Department of Colorectal and Anal Surgery, The First Affiliated Hospital, Guangxi Medical University, Nanning, China.
Front Oncol. 2021 Feb 9;10:550986. doi: 10.3389/fonc.2020.550986. eCollection 2020.
Tumor mutational burden (TMB) could be a measure of response to immune checkpoint inhibitors therapy for patients with colorectal cancer (CRC). MicroRNAs (miRNAs) participate in anticancer immune responses. In the present study, we determined miRNA expression patterns in patients with CRC and built a signature that predicts TMB.
Next generation sequencing (NGS) on formalin-fixed paraffin-embedded samples from CRC patients was performed to measure TMB levels. We used datasets from The Cancer Genome Atlas to compare miRNA expression patterns in samples with high and low TMB from patients with CRC. We created an miRNA-based signature index using the selection operator (LASSO) and least absolute shrinkage method from the training set. We used an independent test set as internal validation. We used real-time polymerase chain reaction (RT-PCR) to validate the miRNA-based signature classifier.
Twenty-seven samples from CRC patients underwent NGS to determine the TMB level.
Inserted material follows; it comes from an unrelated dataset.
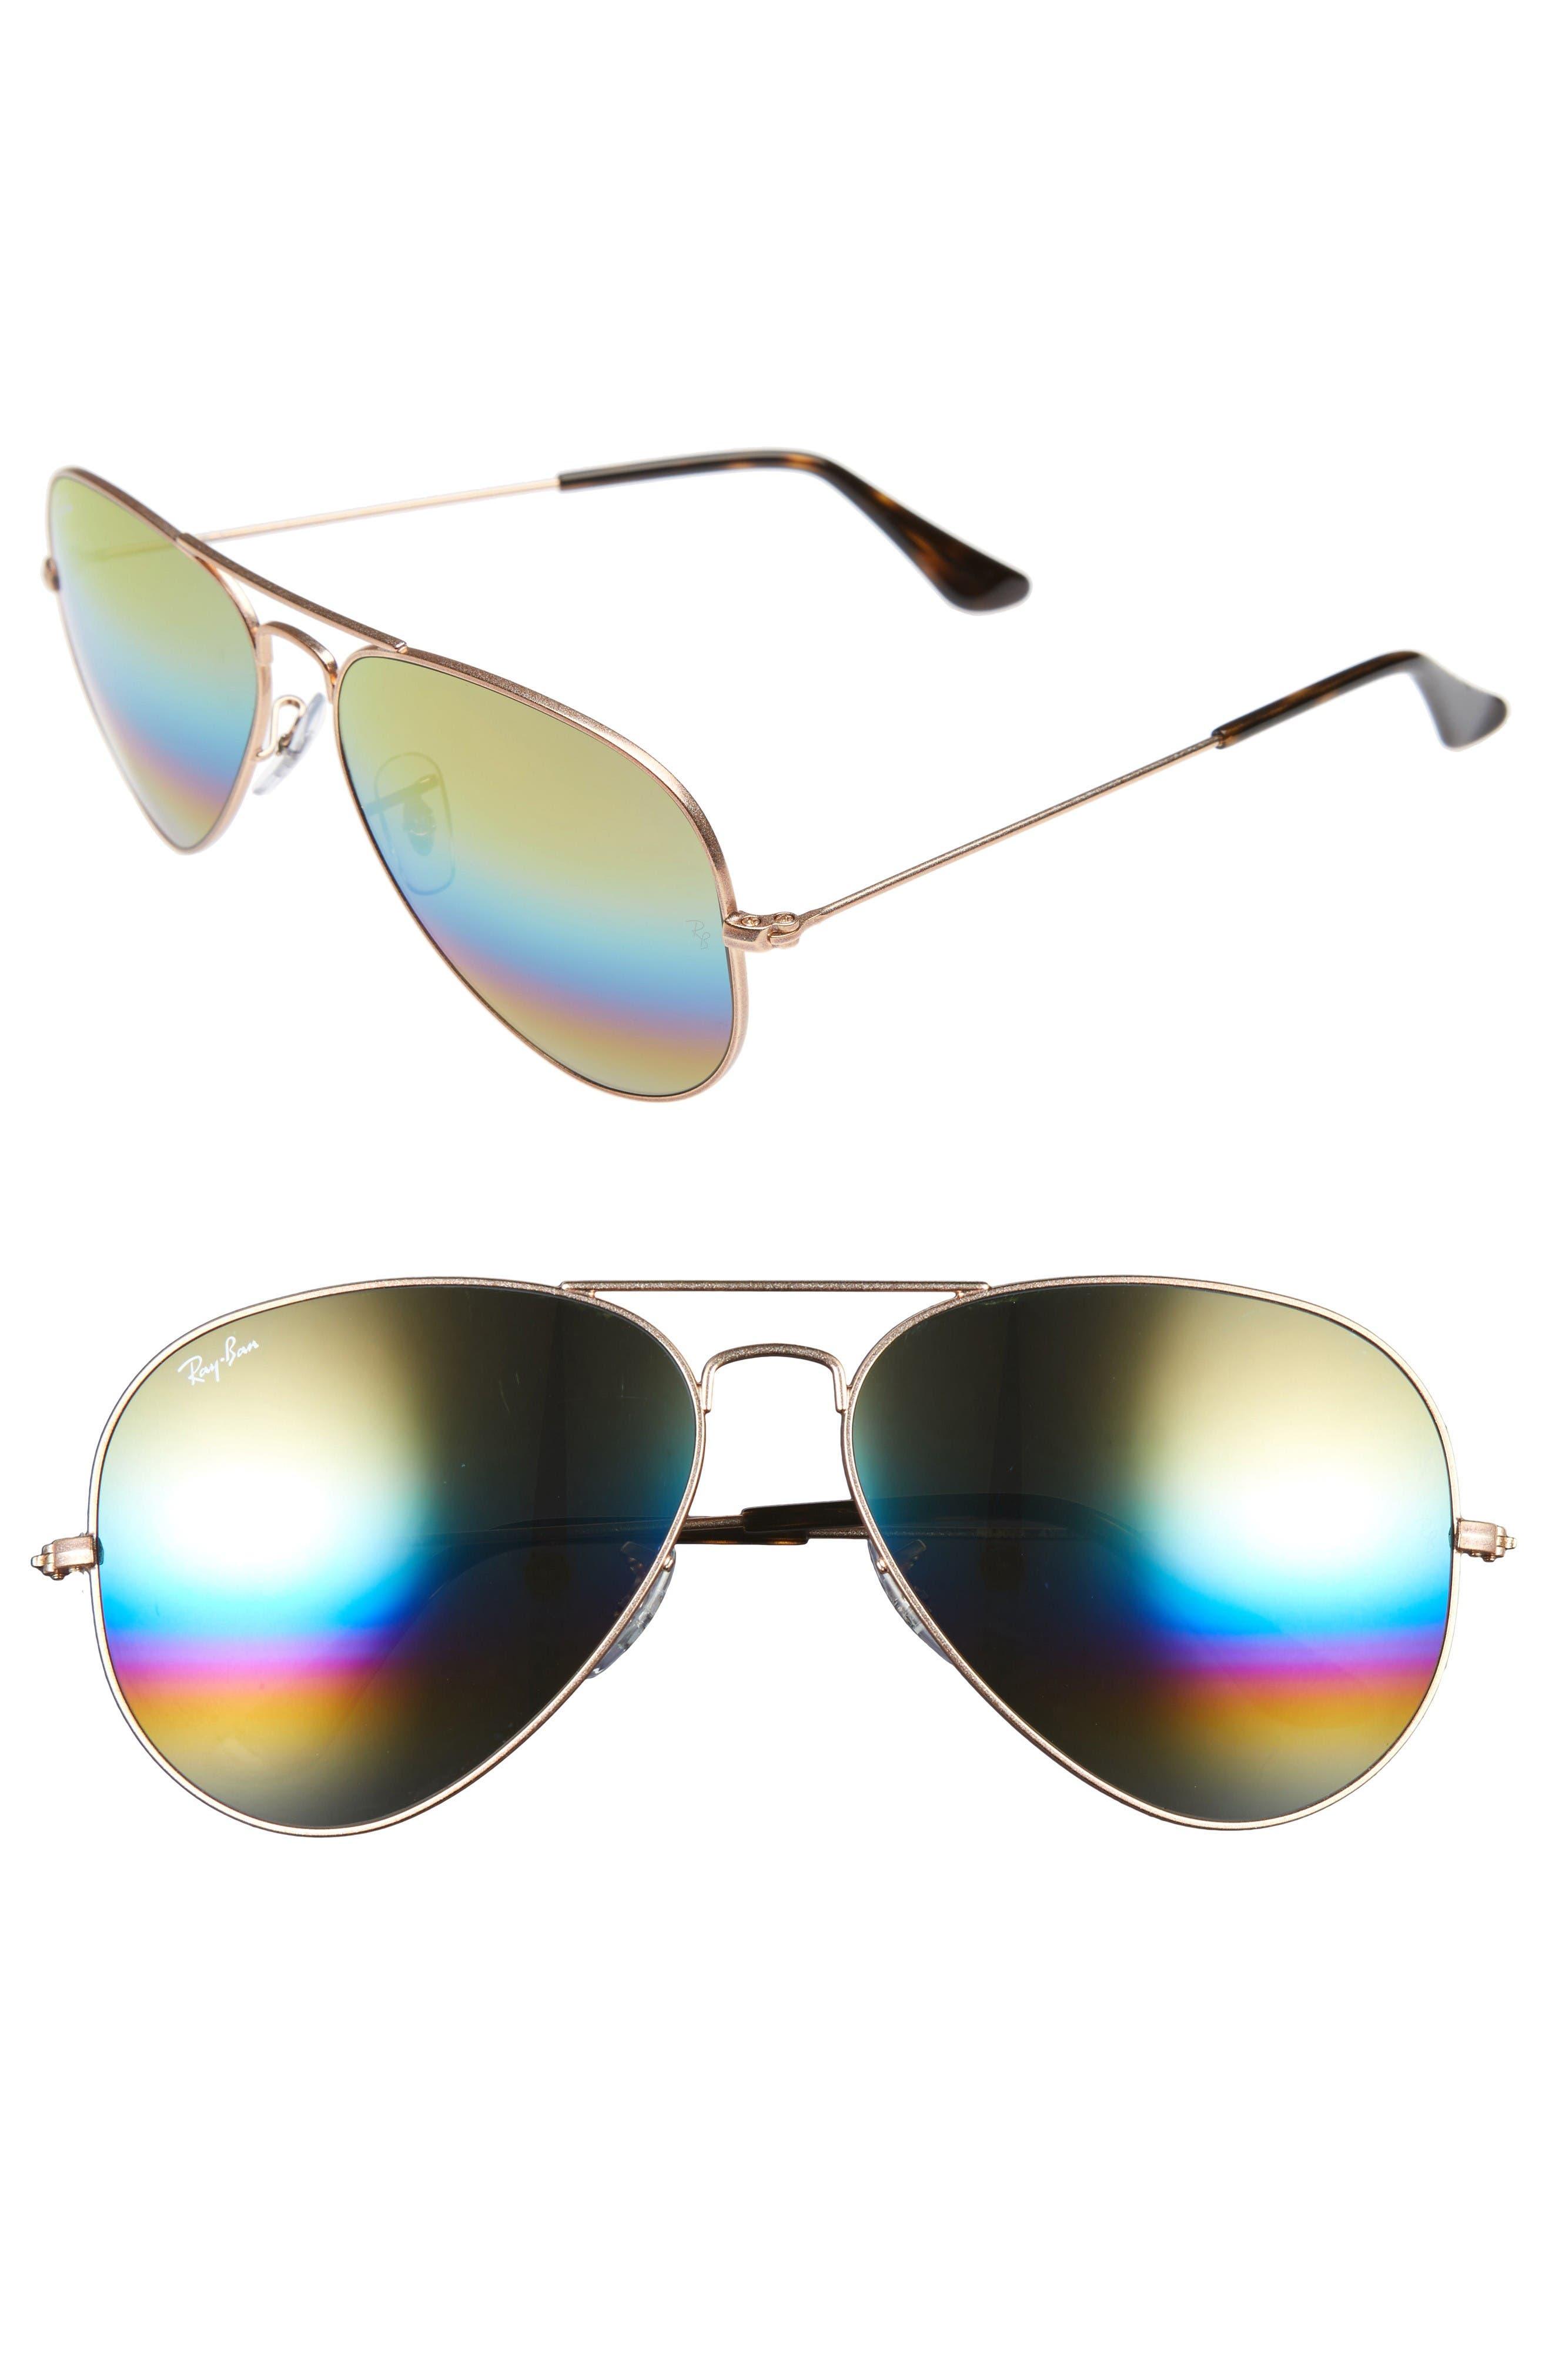 Main Image - Ray-Ban Standard Icons 58mm Mirrored Rainbow Aviator Sunglasses

We identified four miRNA candidates in the training set for predicting TMB (N = 311). We used the test set (N = 204) for internal validation. The four-miRNA-based signature classifier was an accurate predictor of TMB, with accuracy 0.963 in the training set. In the test set, it was 0.902; and it was 0.946 in the total set. The classifier was superior to microsatellite instability (MSI) for predicting TMB in TCGA dataset. In the validation cohort, MSI status more positively correlated with TMB levels than did the classifier. Validation from RT-qPCR showed good target discrimination of the classifier for TMB prediction.
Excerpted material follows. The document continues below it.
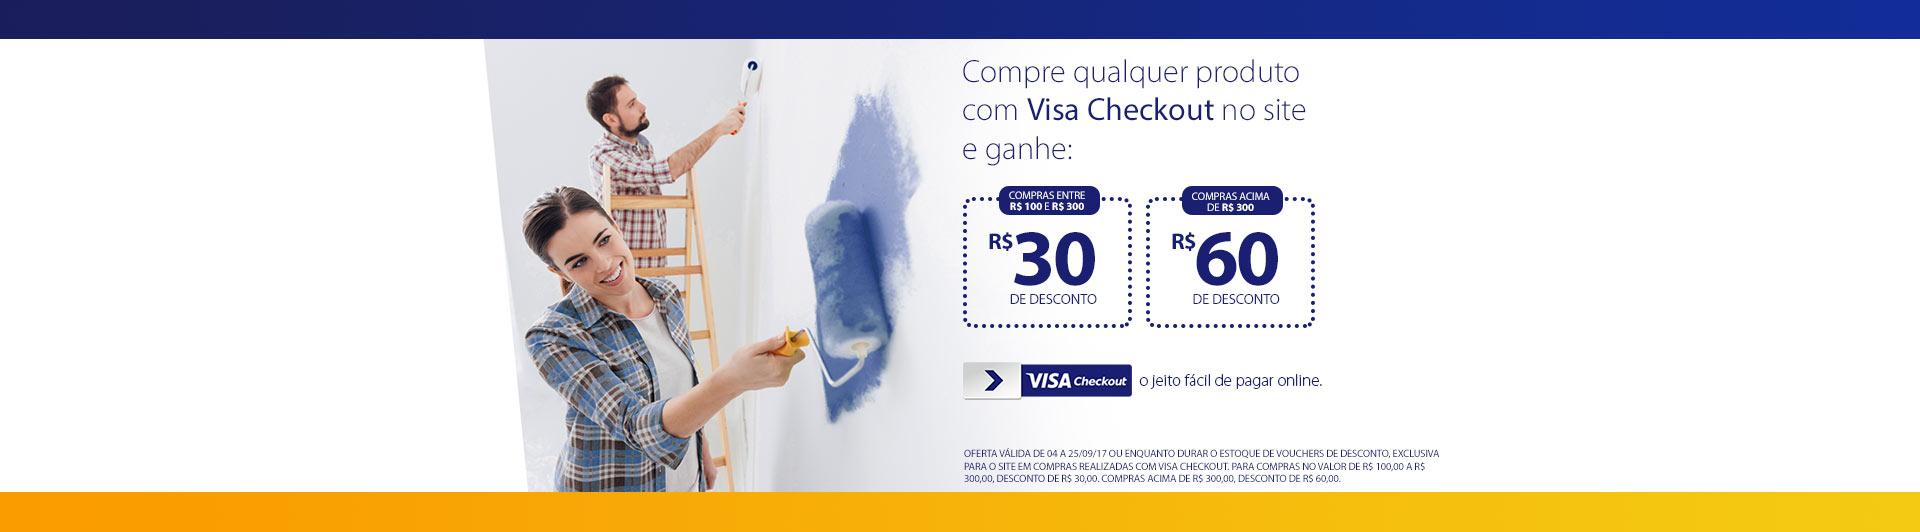 Banner - Visa Checkout

To our knowledge, this is the first miRNA-based signature classifier validated using high quality clinical data to accurately predict TMB level in patients with CRC.
肿瘤突变负荷(TMB)可能是衡量结直肠癌(CRC)患者对免疫检查点抑制剂治疗反应的一个指标。微小RNA(miRNA)参与抗癌免疫反应。在本研究中,我们确定了CRC患者的miRNA表达模式,并构建了一个预测TMB的特征模型。
对CRC患者福尔马林固定石蜡包埋样本进行下一代测序(NGS)以测量TMB水平。我们使用来自癌症基因组图谱的数据集比较CRC患者中高TMB和低TMB样本的miRNA表达模式。我们使用选择算子(LASSO)和最小绝对收缩法从训练集中创建了一个基于miRNA的特征指数。我们使用独立测试集进行内部验证。我们使用实时聚合酶链反应(RT-PCR)验证基于miRNA的特征分类器。
对27例CRC患者的样本进行NGS以确定TMB水平。我们在训练集中鉴定出4个预测TMB的miRNA候选物(N = 311)。我们使用测试集(N = 204)进行内部验证。基于4种miRNA的特征分类器是TMB的准确预测指标,在训练集中准确率为0.963。在测试集中,准确率为0.902;在总样本集中为0.946。在TCGA数据集中,该分类器在预测TMB方面优于微卫星不稳定性(MSI)。在验证队列中,MSI状态与TMB水平的正相关性高于分类器。RT-qPCR验证显示该分类器对TMB预测具有良好的靶点区分能力。
据我们所知,这是首个使用高质量临床数据验证的基于miRNA的特征分类器,可准确预测CRC患者的TMB水平。